Son olarak, Amasya, Sivas ve Erzurum kongrelerinde Atatürk’ü müftülerin karşıladığını sözlerine ekledi. Din adamlarının birleştirici olduklarını dile getirerek; “Samimi söylüyorum yatacak yer bulamadıklarında müftülerimiz evlerinden eşyalarını vermişlerdir Atatürk’ün yatacağı yerde. Mevlitler okunuyor, dualara yapılıyor. Cumhuriyetimizi, ülkemizi bize veren, bu hale gelişimize ve ekonomimizin bu şekilde gelişmesine sebep olan Mustafa Kemal Atatürk’ümüz, silah arkadaşları, tüm şehit ve gazilerimiz duaların içerisine olmasını istiyorum.

Ben din adamlarını çok seviyorum ve en büyük saygıyı da onlara gösteriyorum.
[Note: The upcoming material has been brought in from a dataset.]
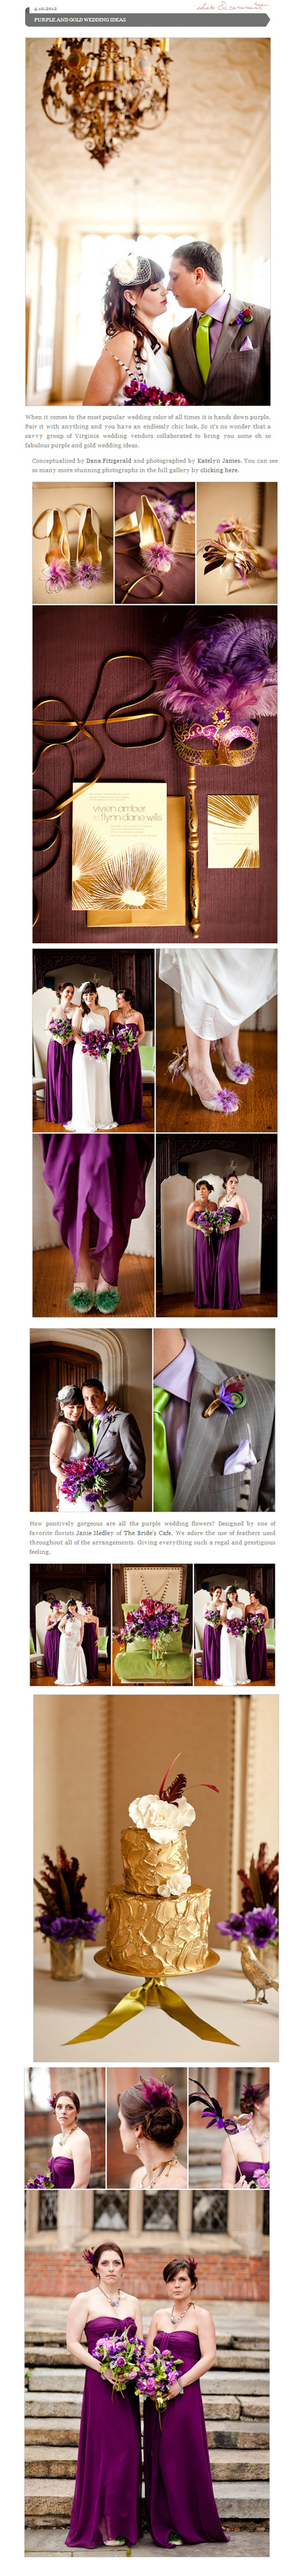 wedding-chicks-april-2012.jpg

Toplumu etkileyen insanlarımız bunlar, bizim dinimiz İslam, Kitabımız Kuran, peygamberimiz Muhammed. Bunlar dışında bizi birleştirecek başka bir şey yok. Ama bazı değerlerimize de sahip çıkmasını özellikle dualarımızda bundan sonra bekliyorum ve istiyorum” önerisinde bulundu.